== What is required ==
Reproduce every line of the listing as written, apart from the pictures.

== Available data ==
* * *
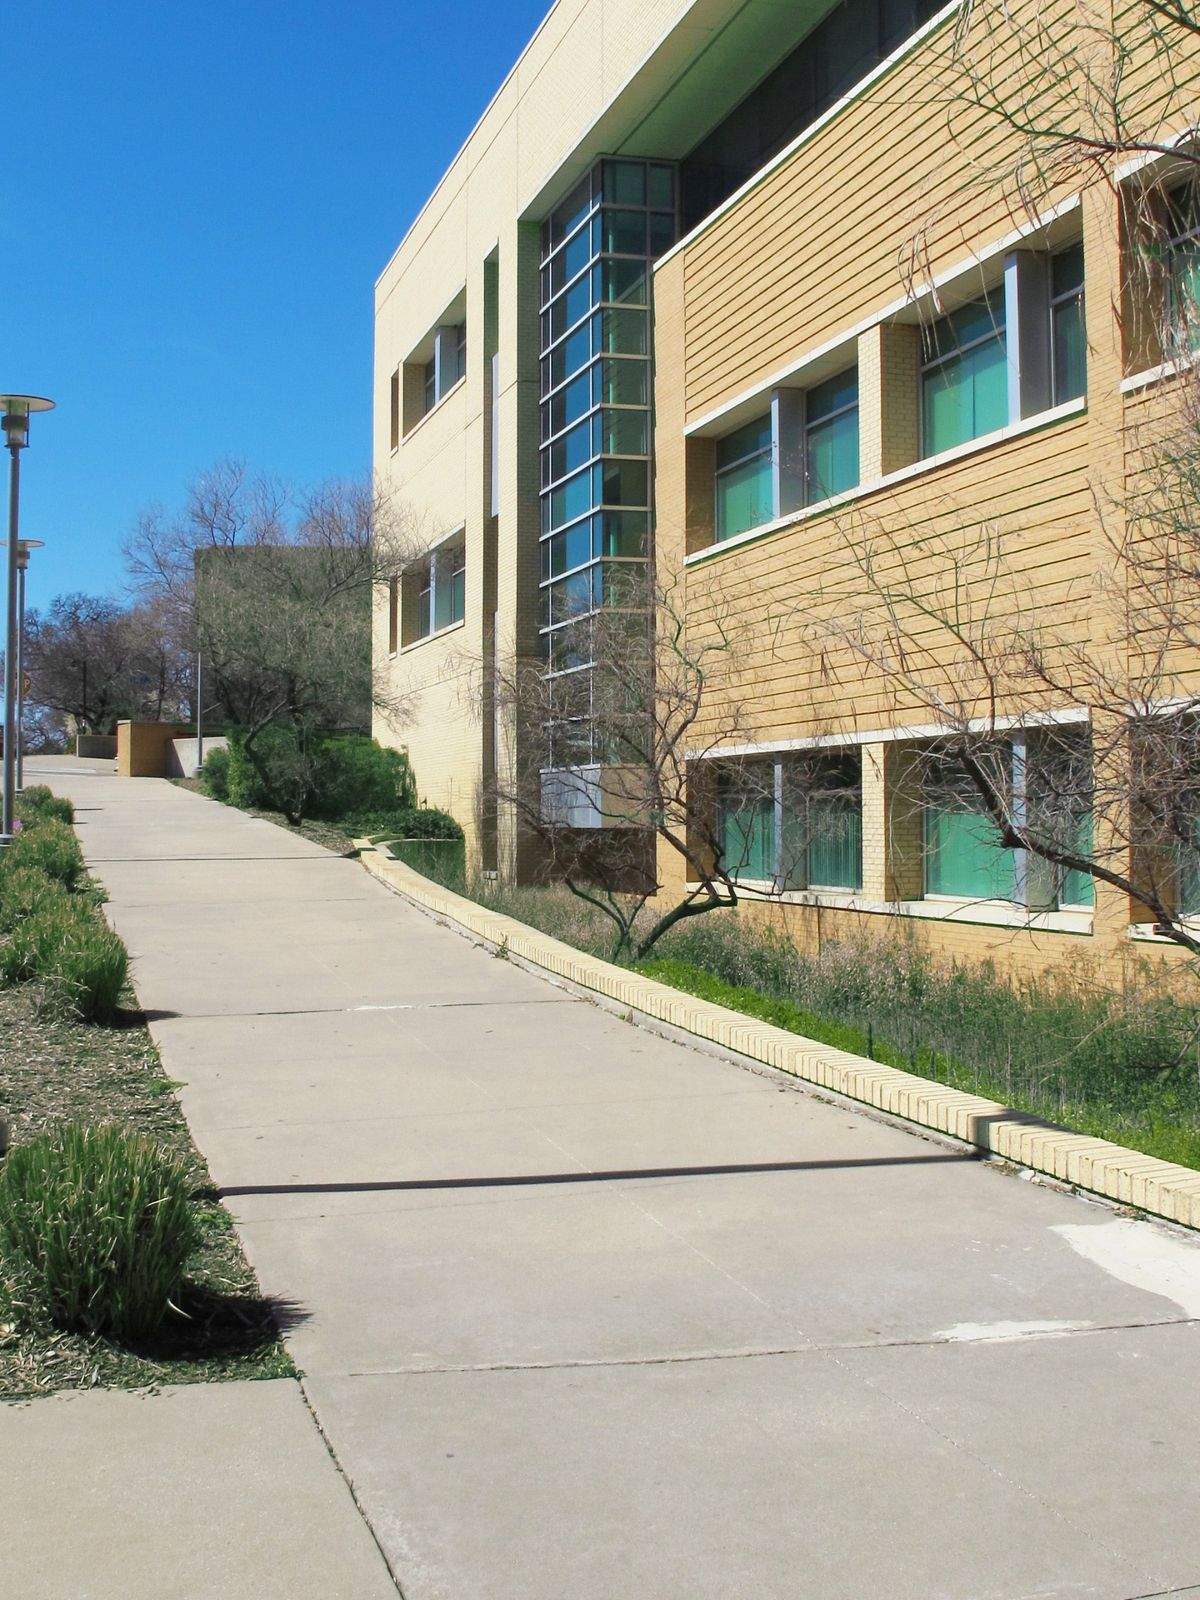 University of North Texas Schools Photo Video Shoot Location39.jpg
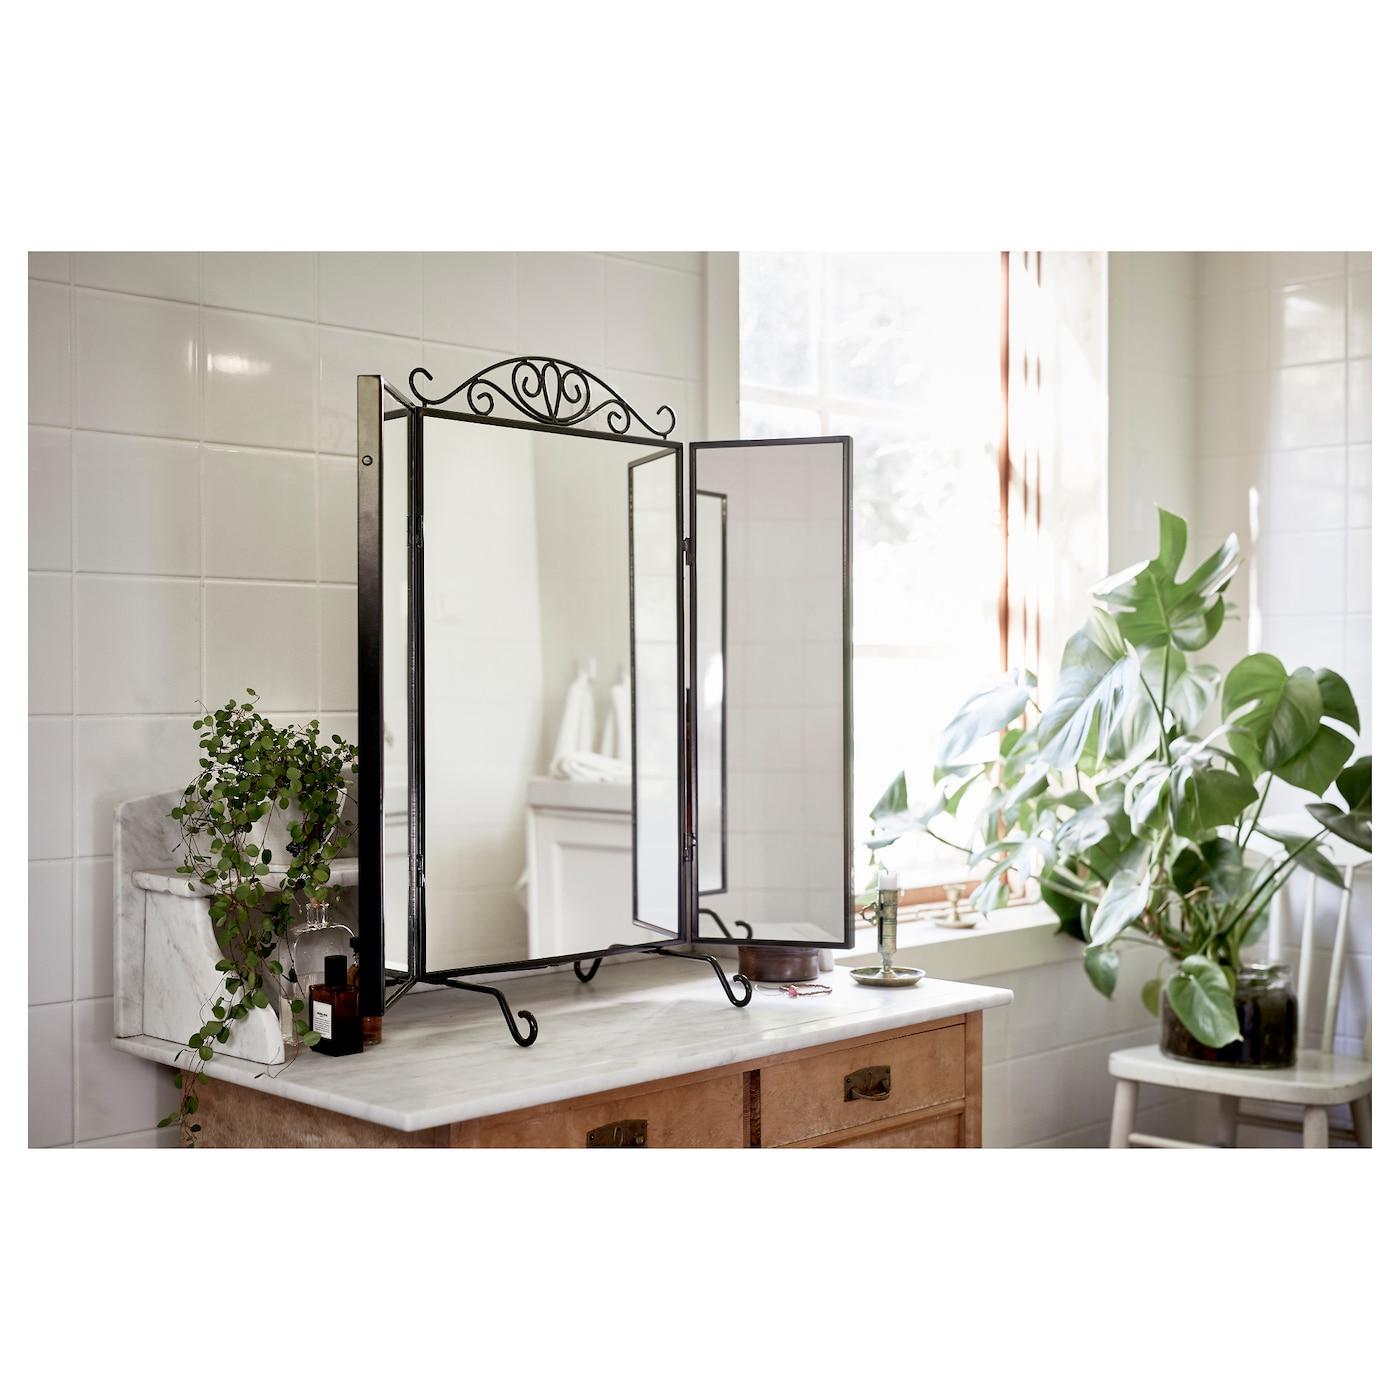 Karmsund Miroir De Table - Noir 80X74 Cm dedans Mobilier De Jardin Ikea
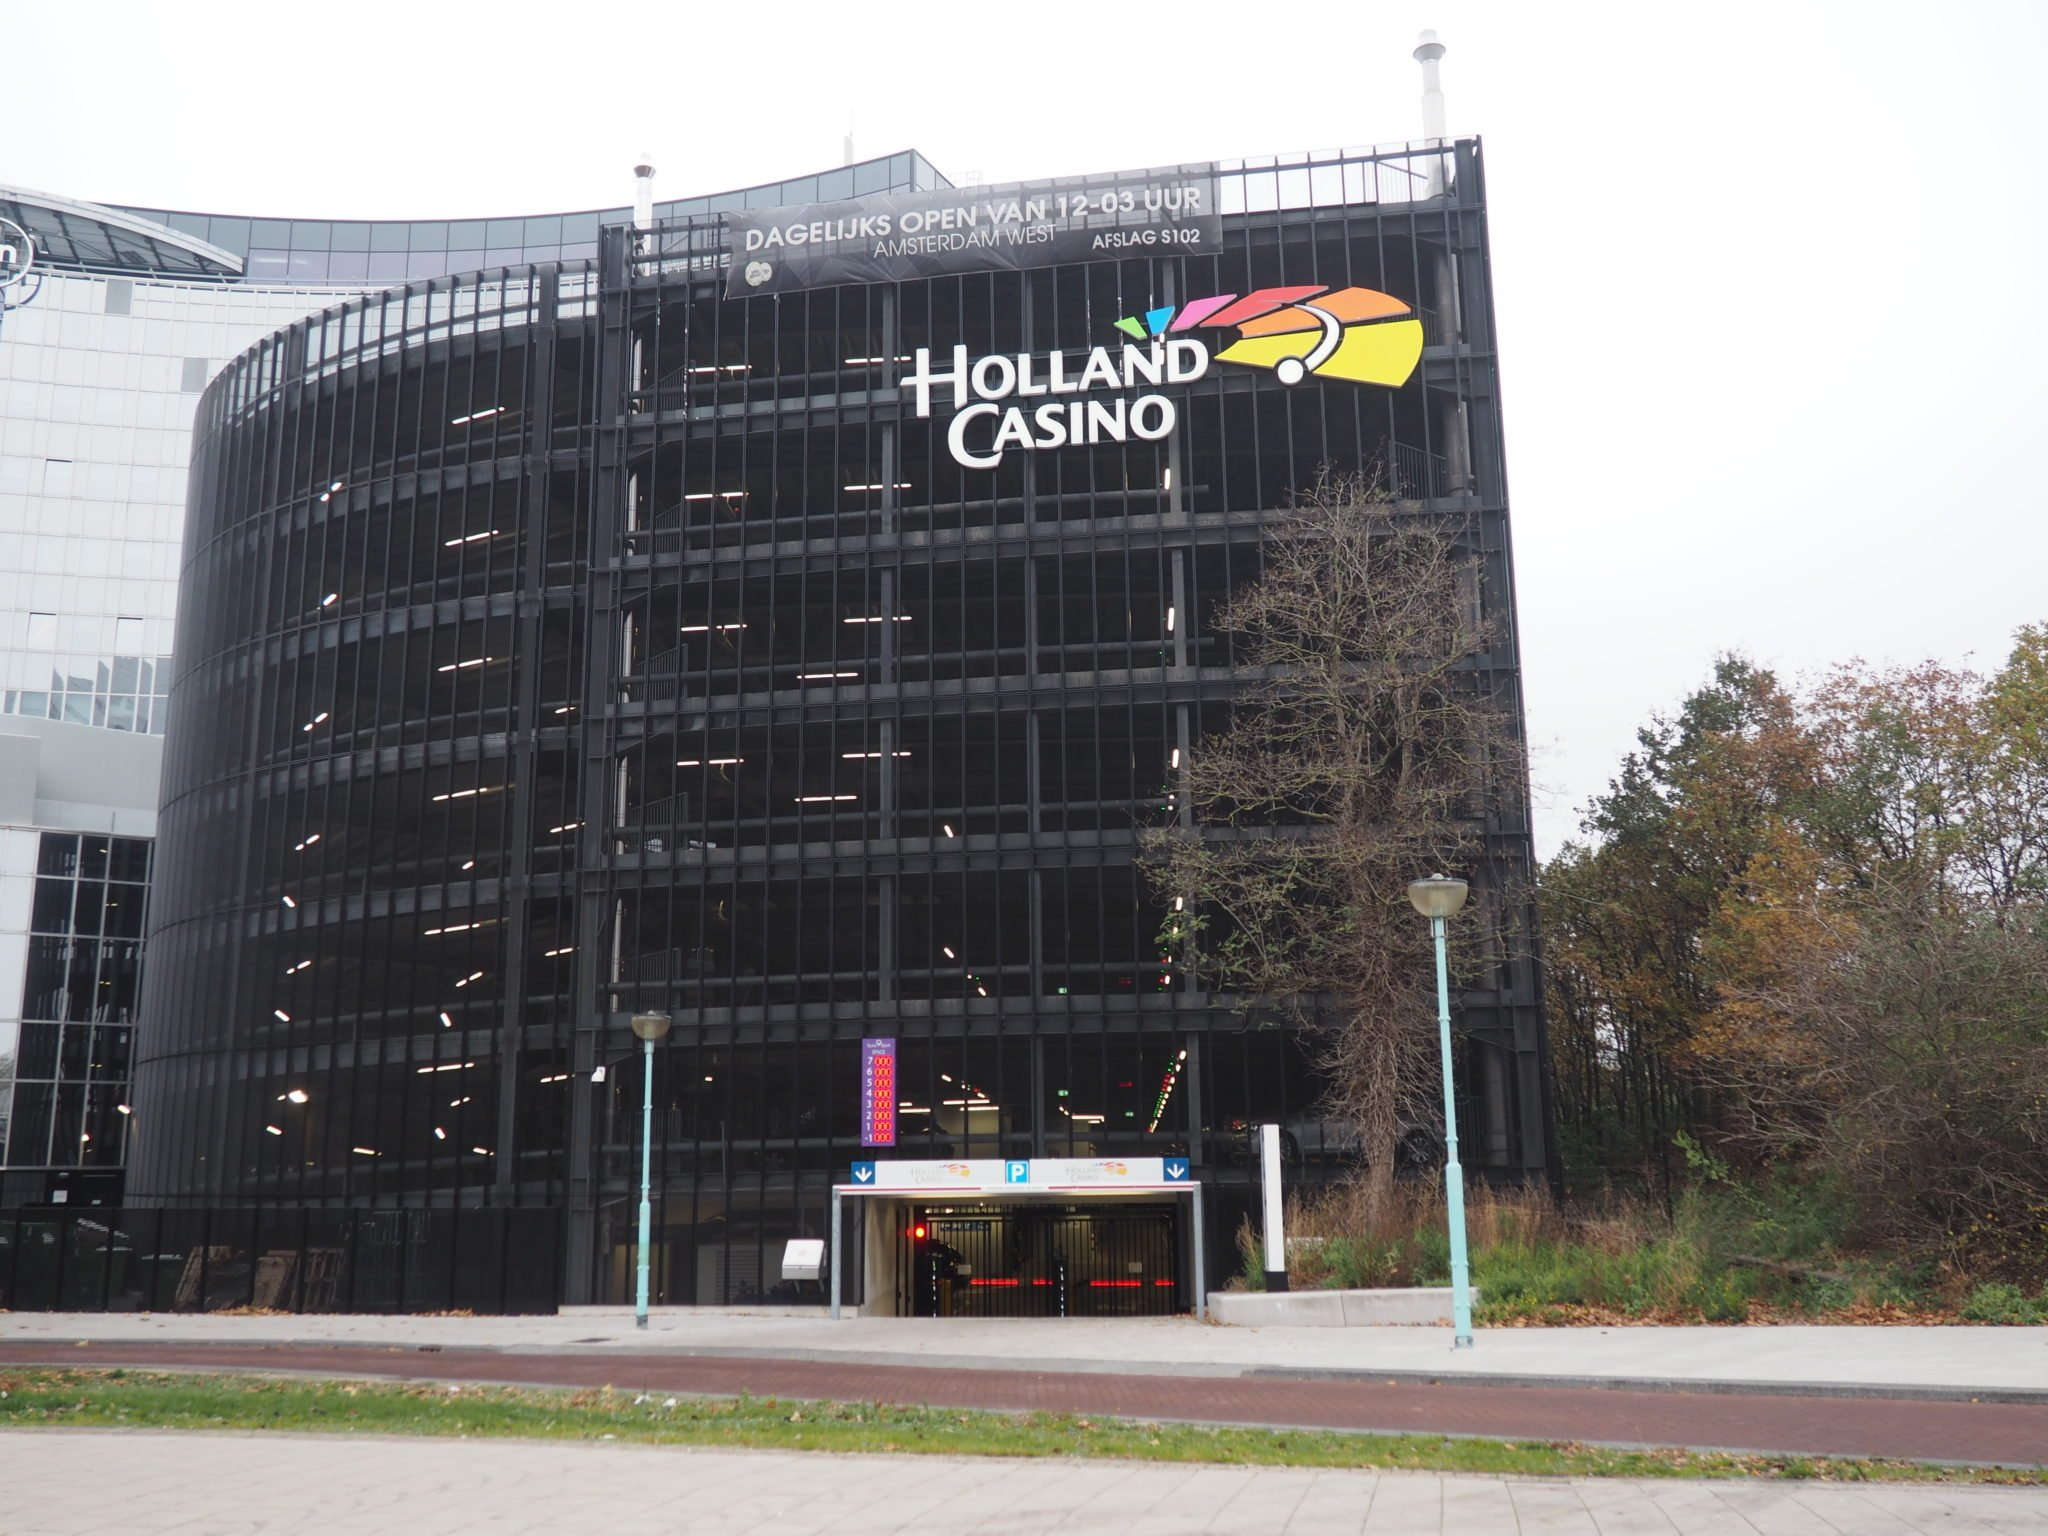 Holland Casino Sloterdijk
* * *
== Response below ==
 University of North Texas Schools Photo Video Shoot Location39.jpg
 Karmsund Miroir De Table - Noir 80X74 Cm dedans Mobilier De Jardin Ikea
 Holland Casino Sloterdijk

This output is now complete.